Work task — Your task is to write out the entire listing exactly, omitting its pictures.

Data section —
═══

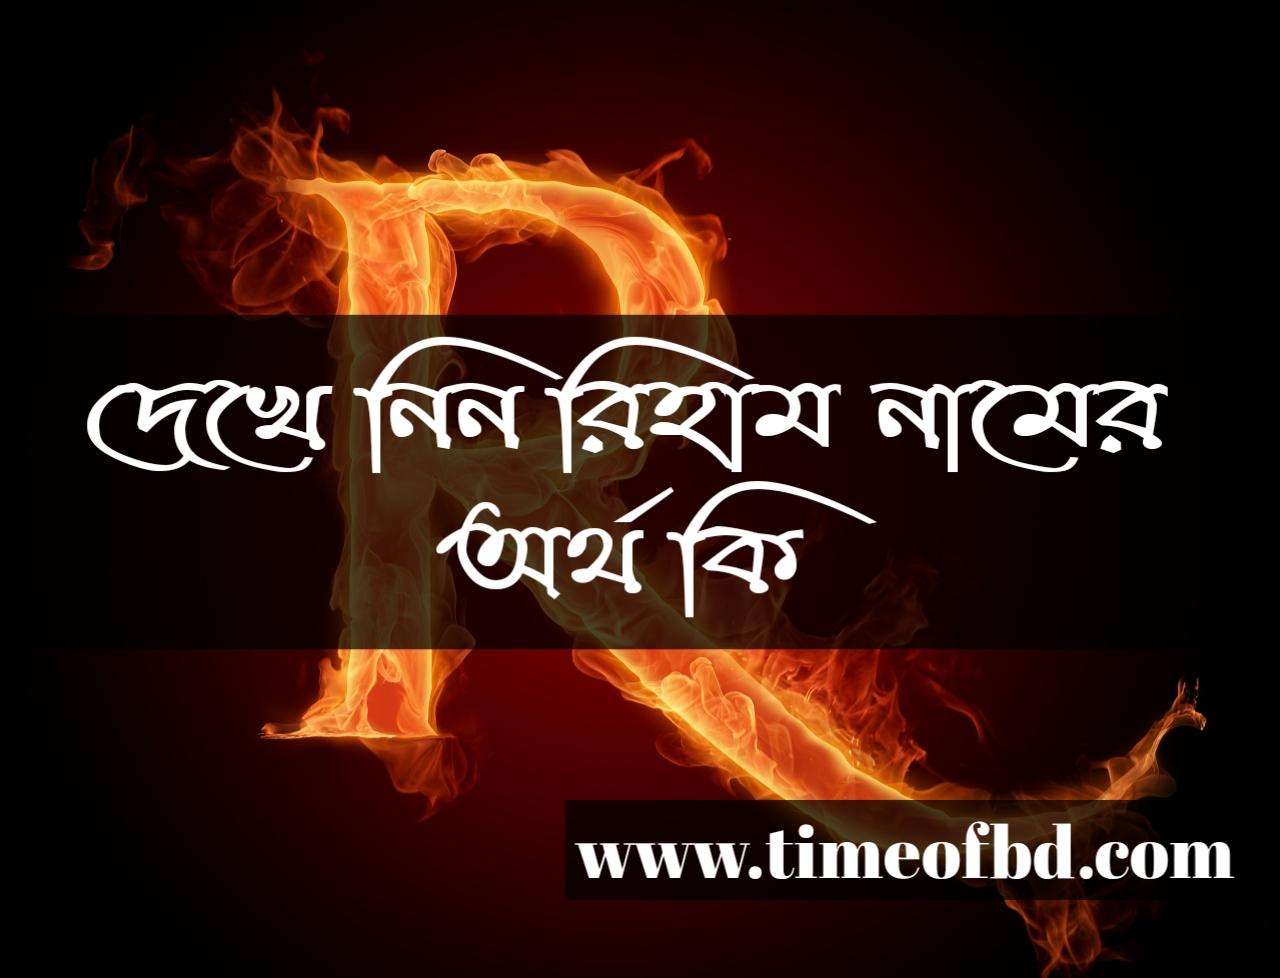 Riham name meaning in Bengali, রিহাম নামের অর্থ কি, রিহাম নামের বাংলা অর্থ কি, রিহাম নামের ইসলামিক অর্থ কি,
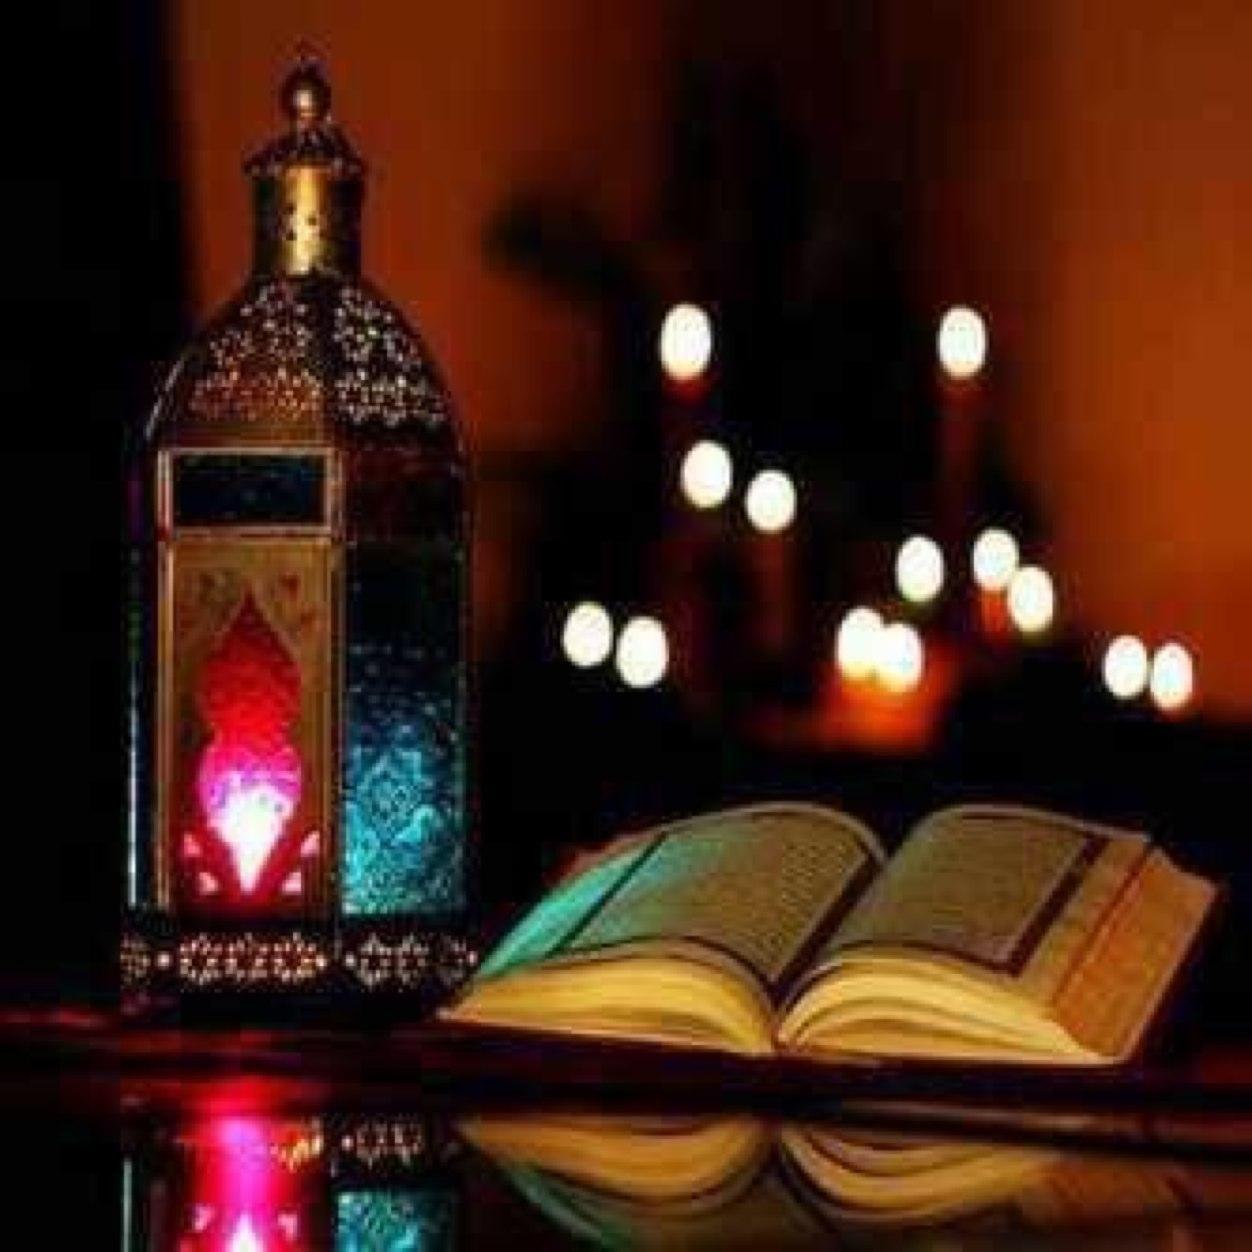 حالات واتس تهنئة بشهر رمضان 510026_dreambox-sat.
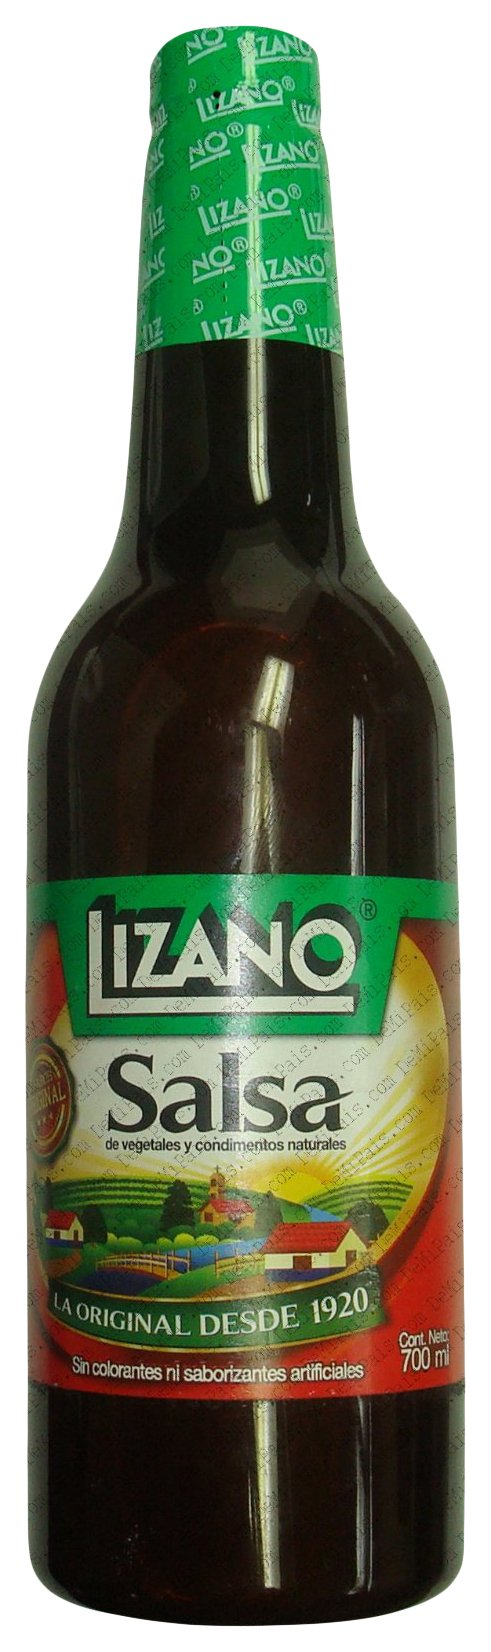 Lizano Salsa 700 mL/23 oz., 6 Bottle by Lizano
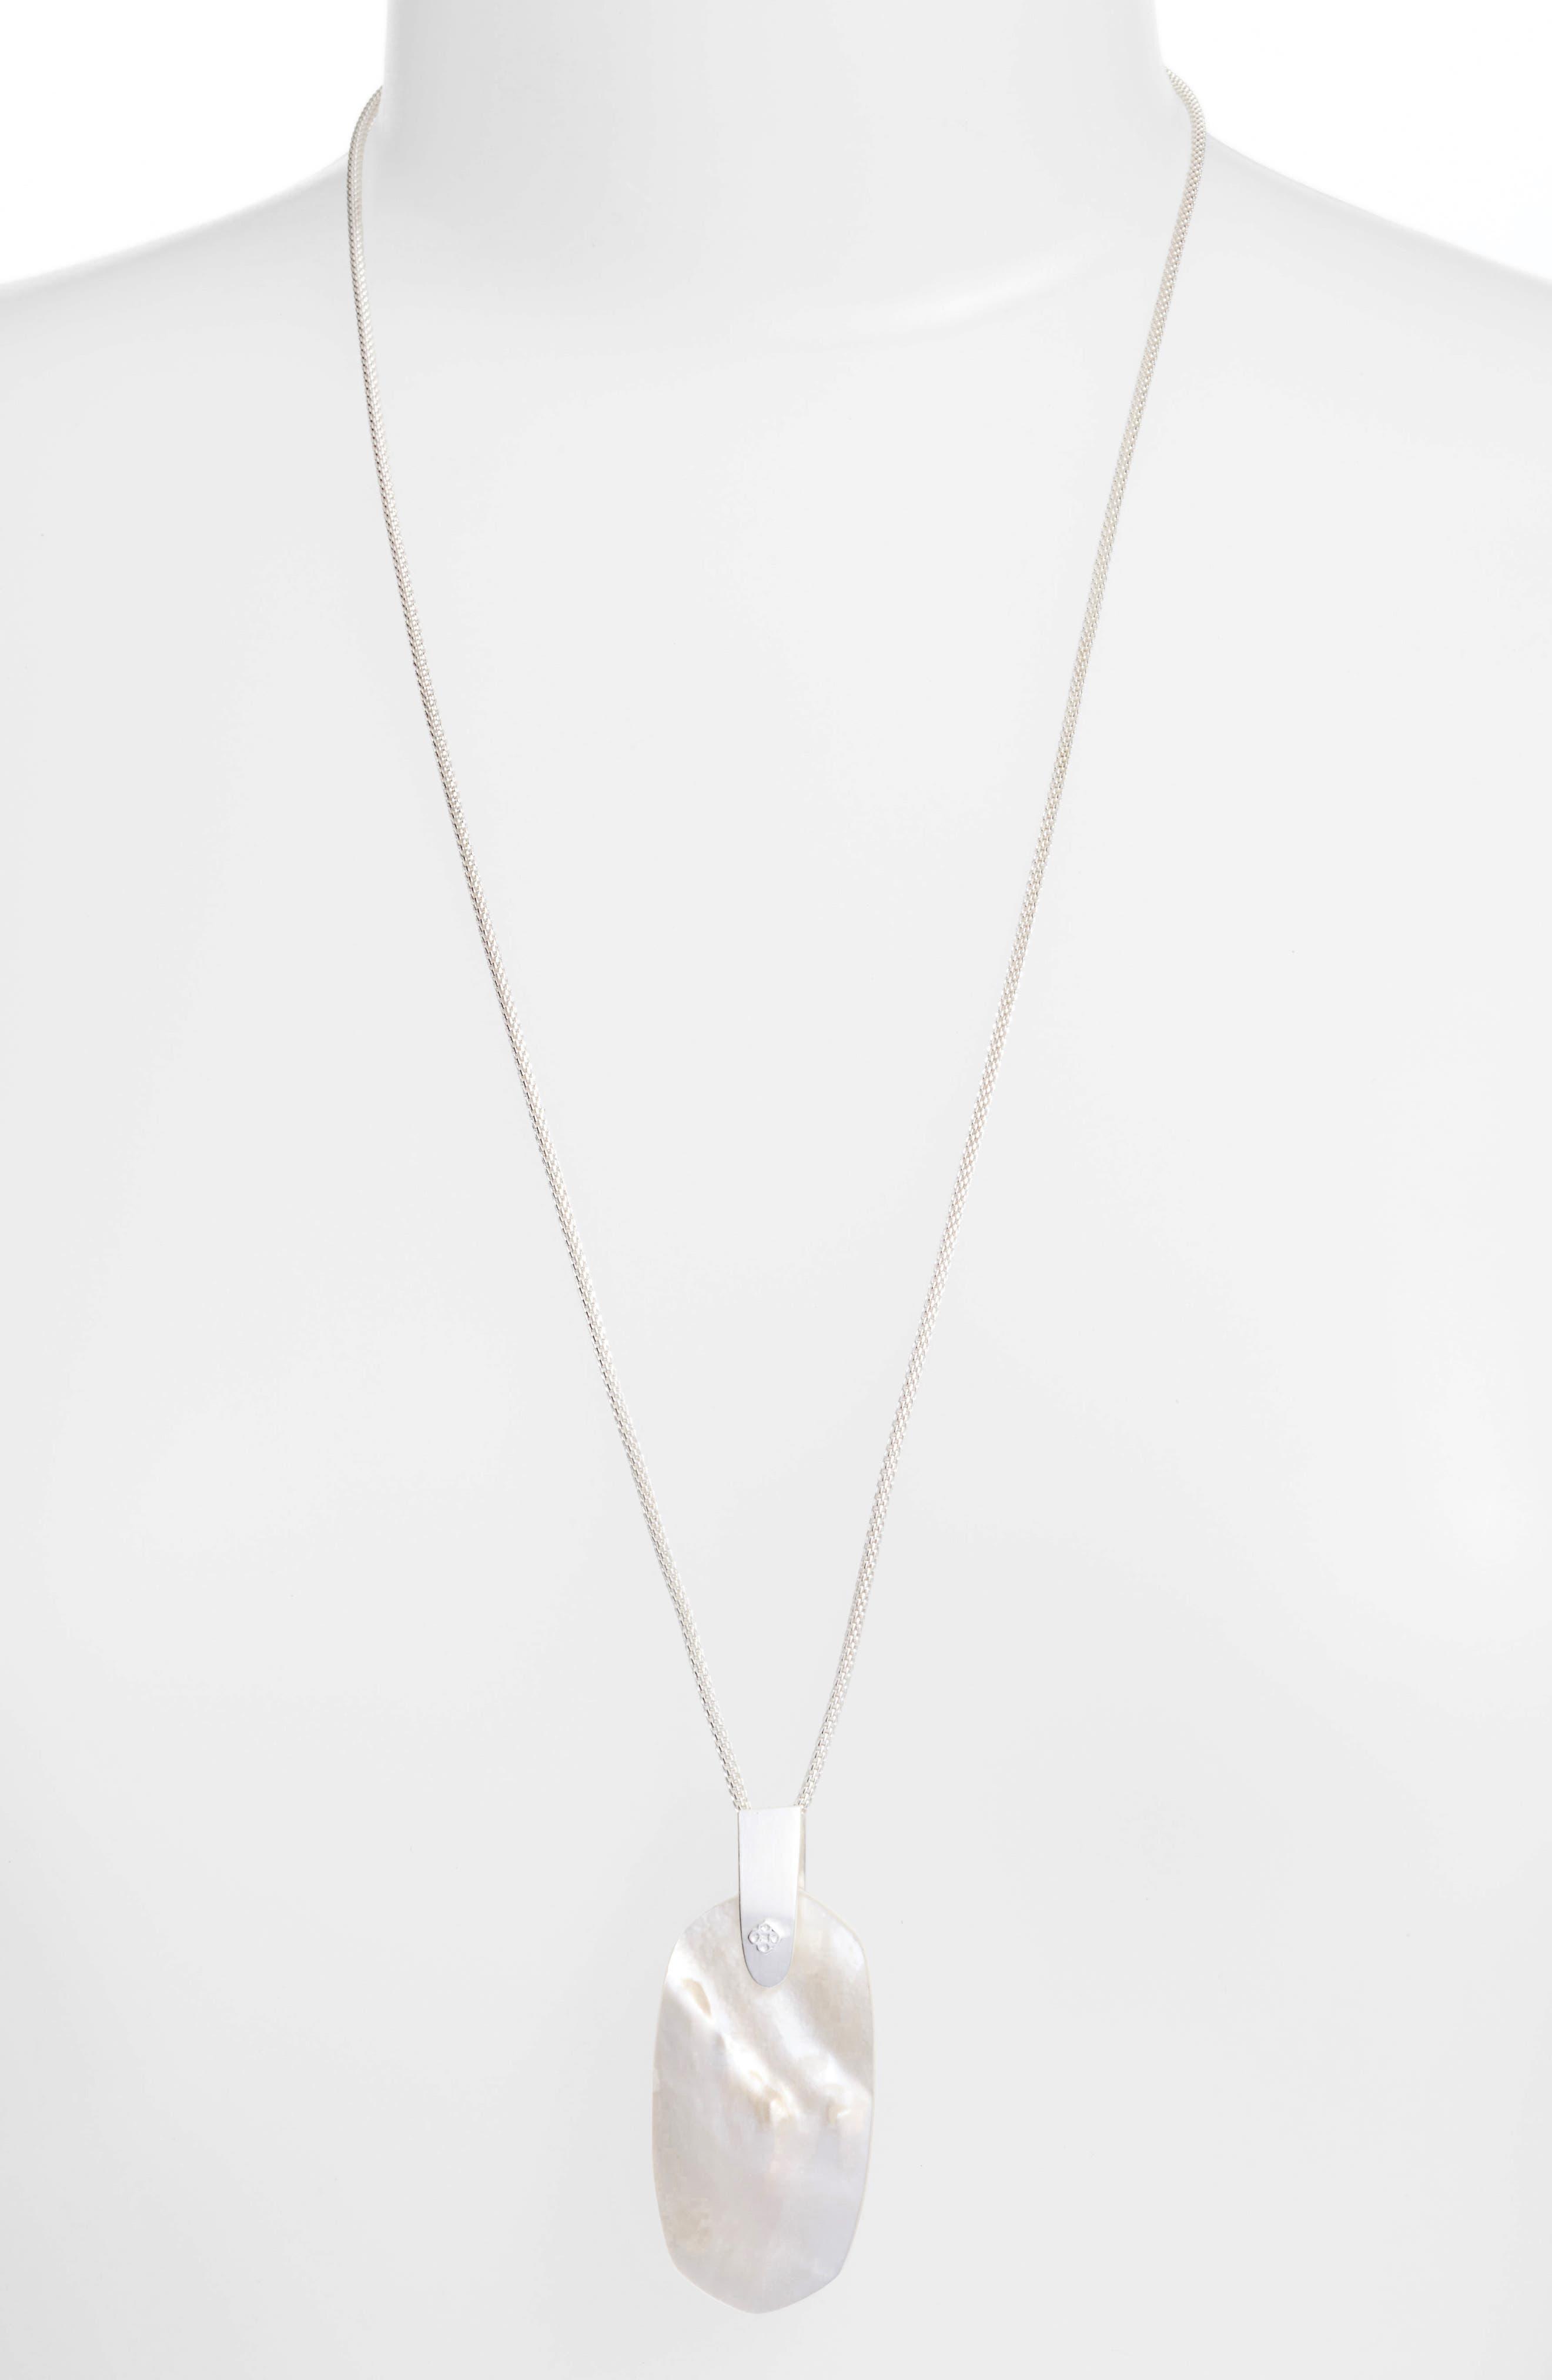 Womens long strand necklaces nordstrom kendra scott inez pendant necklace mozeypictures Choice Image

═══

Answer section —
 Riham name meaning in Bengali, রিহাম নামের অর্থ কি, রিহাম নামের বাংলা অর্থ কি, রিহাম নামের ইসলামিক অর্থ কি,
 حالات واتس تهنئة بشهر رمضان 510026_dreambox-sat.
 Lizano Salsa 700 mL/23 oz., 6 Bottle by Lizano
 Womens long strand necklaces nordstrom kendra scott inez pendant necklace mozeypictures Choice Image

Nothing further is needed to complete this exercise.